### [Required action]
Produce a word-for-word copy of the listing below without its pictures.

START Given data

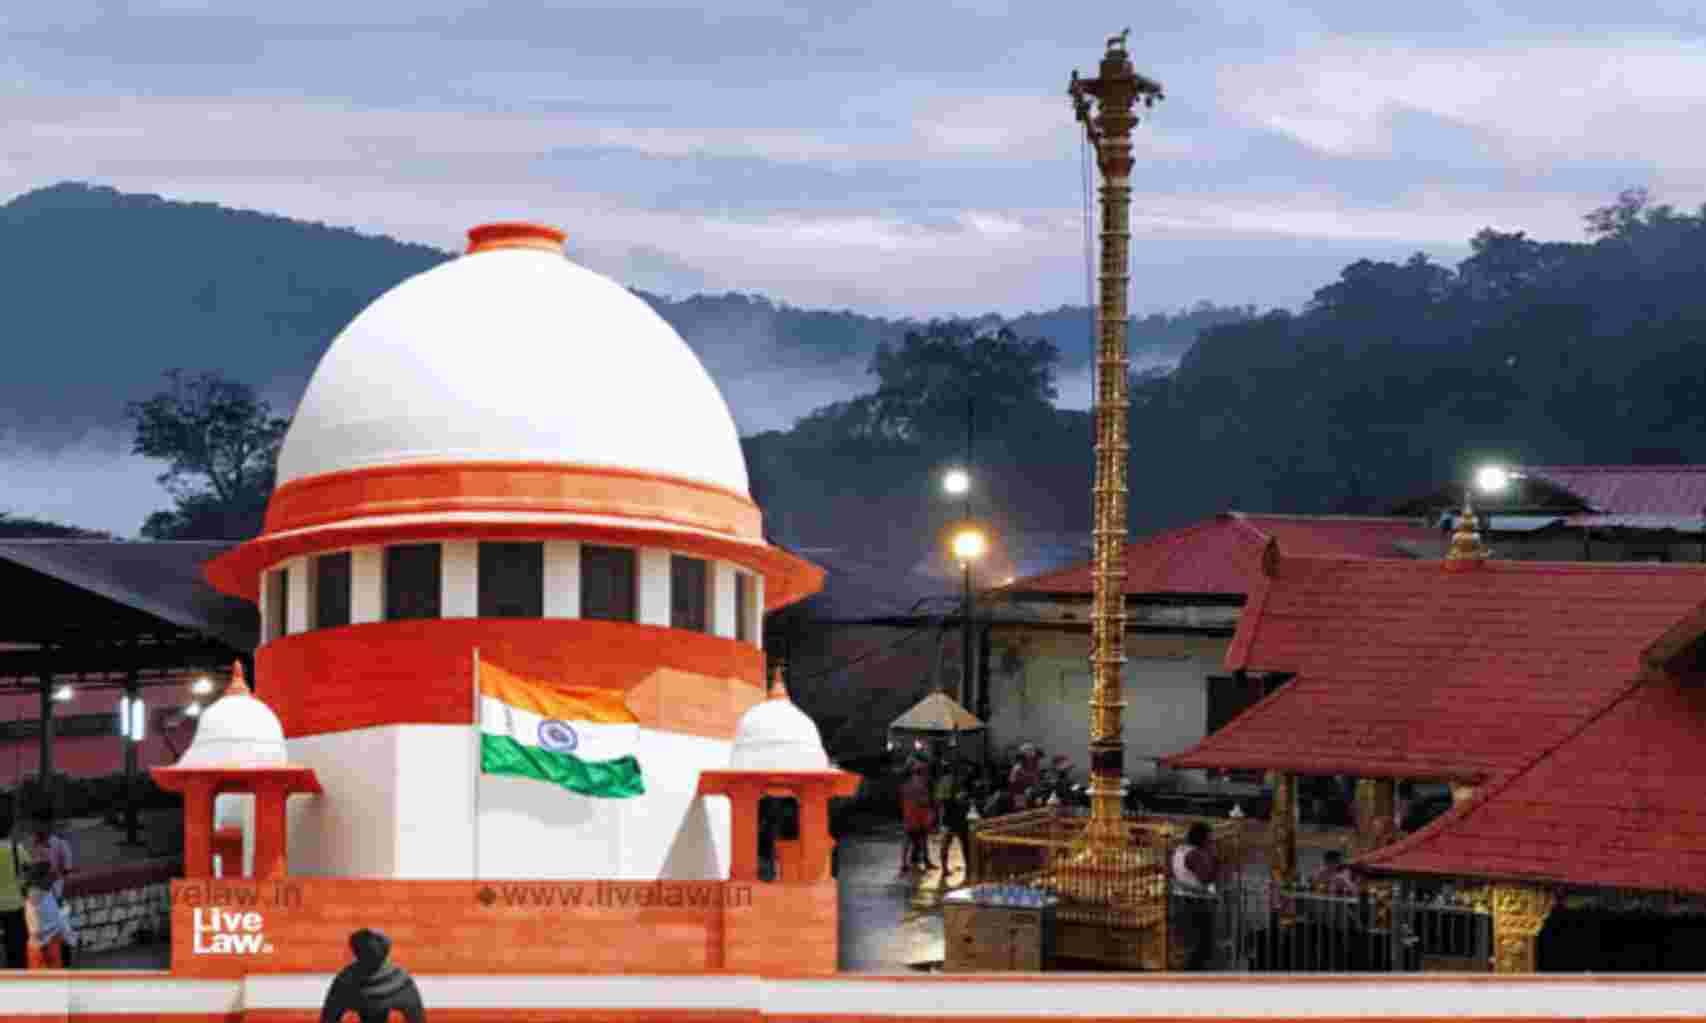 सुप्रीम कोर्ट की नौ न्यायाधीशों की संविधान पीठ सबरीमाला पुनर्विचार याचिकाओं की सुनवाई 13 जनवरी से शुरू करेगी
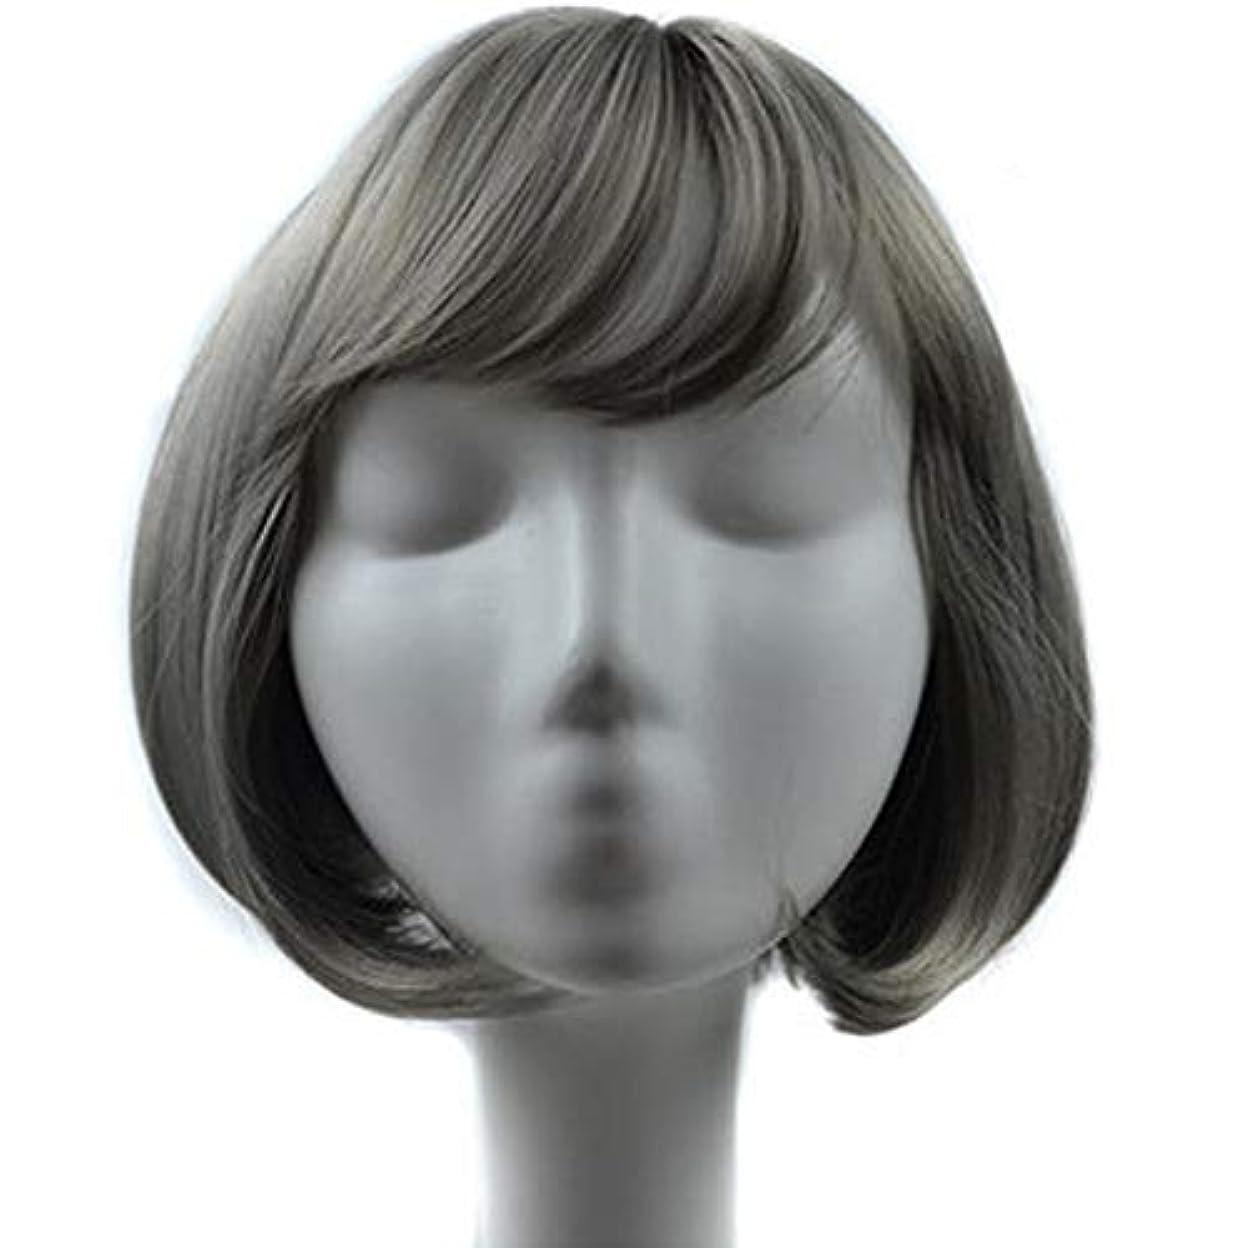 球体風が強いスリンクLazayyii女子 かつら エアバン 天然のリアル ヘア前髪エアバンボボヘッドナシウィッグ (グレー)
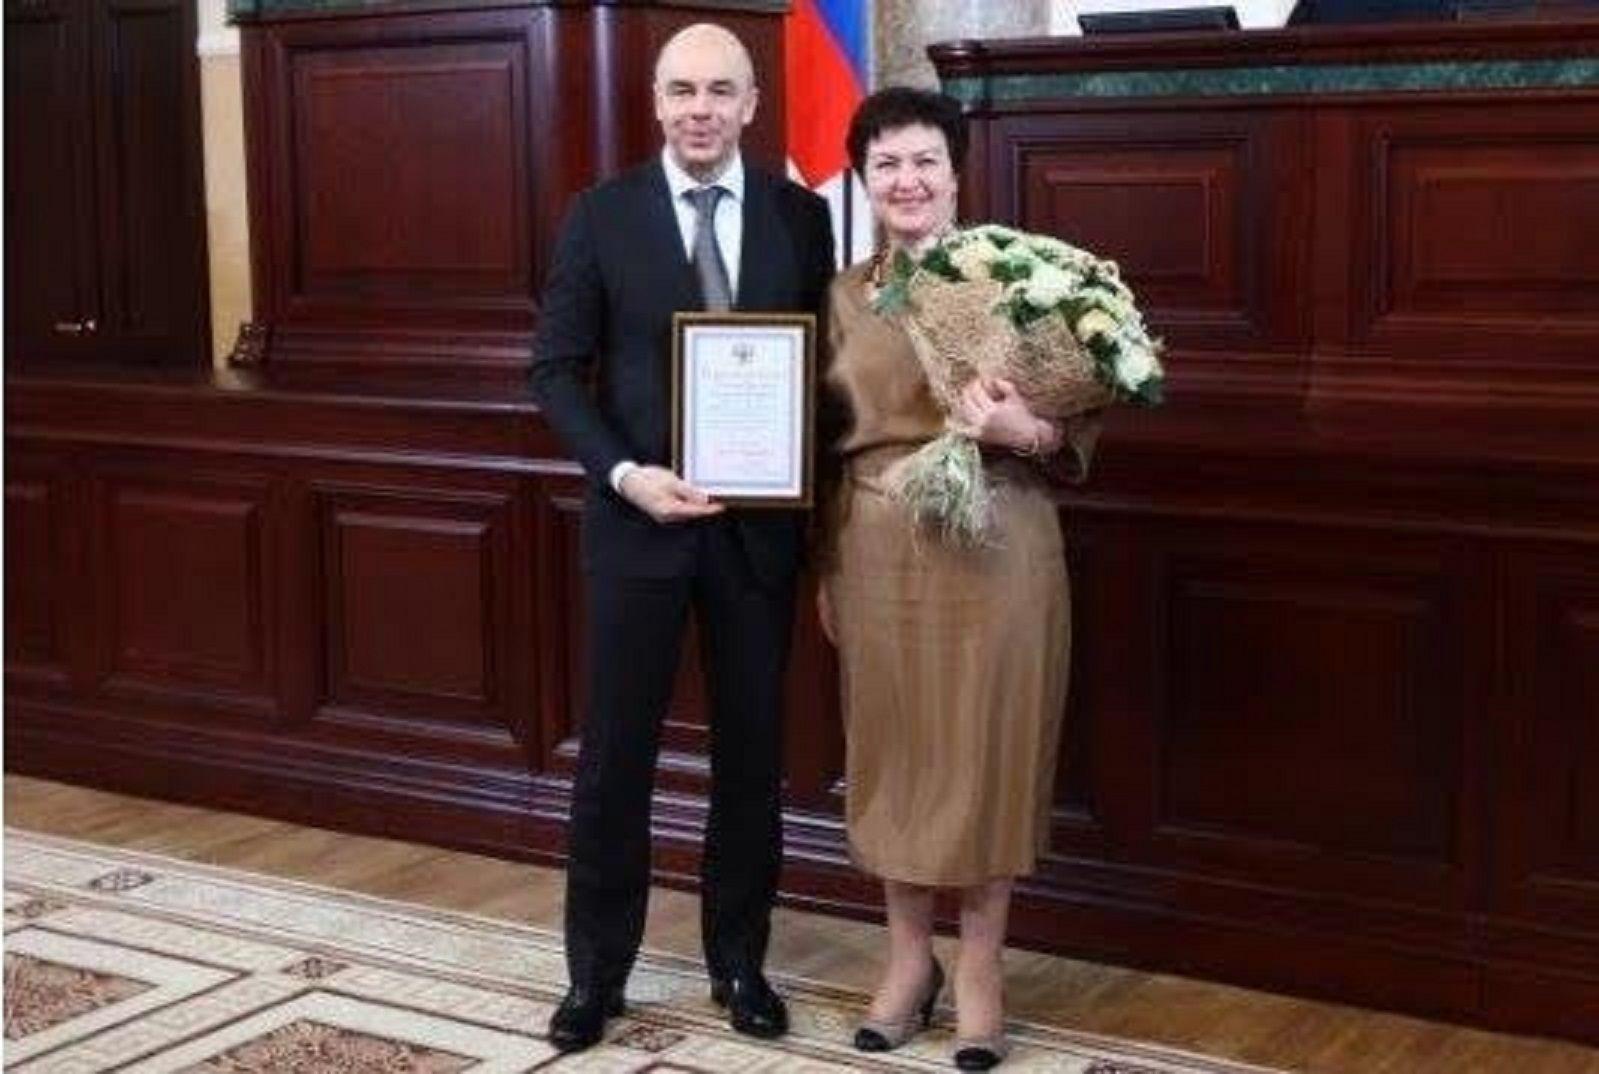 Министр финансов Ставрополья Лариса Калинченко награждена благодарностью министра финансов России
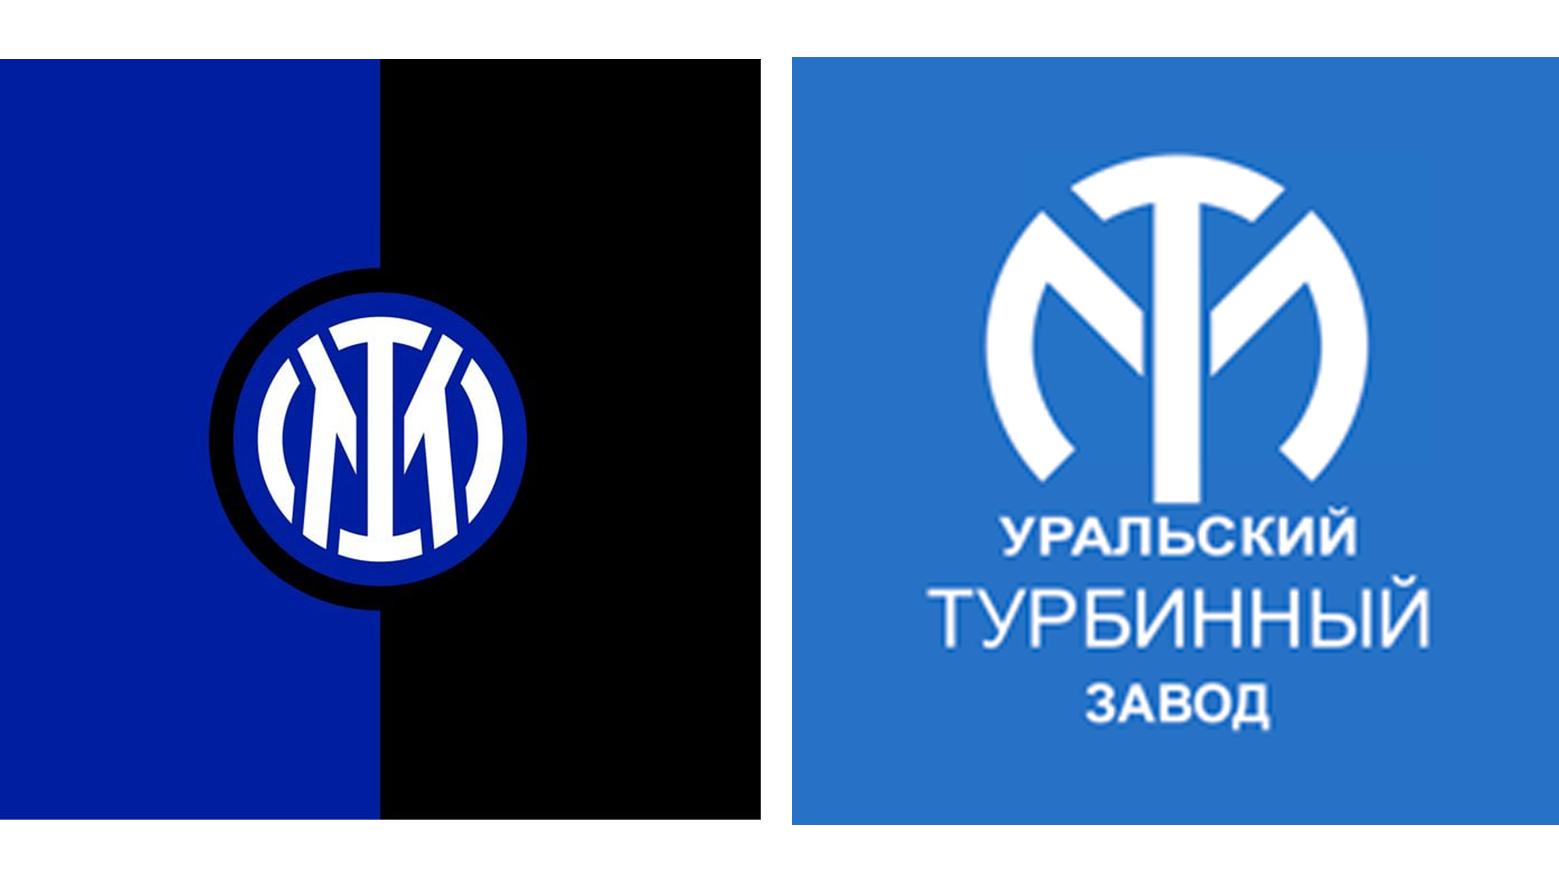 """Фото © twitter.com / Inter, © АО """"Уральский турбинный завод"""""""

END Given data

### [Answer section]
 सुप्रीम कोर्ट की नौ न्यायाधीशों की संविधान पीठ सबरीमाला पुनर्विचार याचिकाओं की सुनवाई 13 जनवरी से शुरू करेगी
 球体風が強いスリンクLazayyii女子 かつら エアバン 天然のリアル ヘア前髪エアバンボボヘッドナシウィッグ (グレー)
 Министр финансов Ставрополья Лариса Калинченко награждена благодарностью министра финансов России
 """Фото © twitter.com / Inter, © АО """"Уральский турбинный завод"""""""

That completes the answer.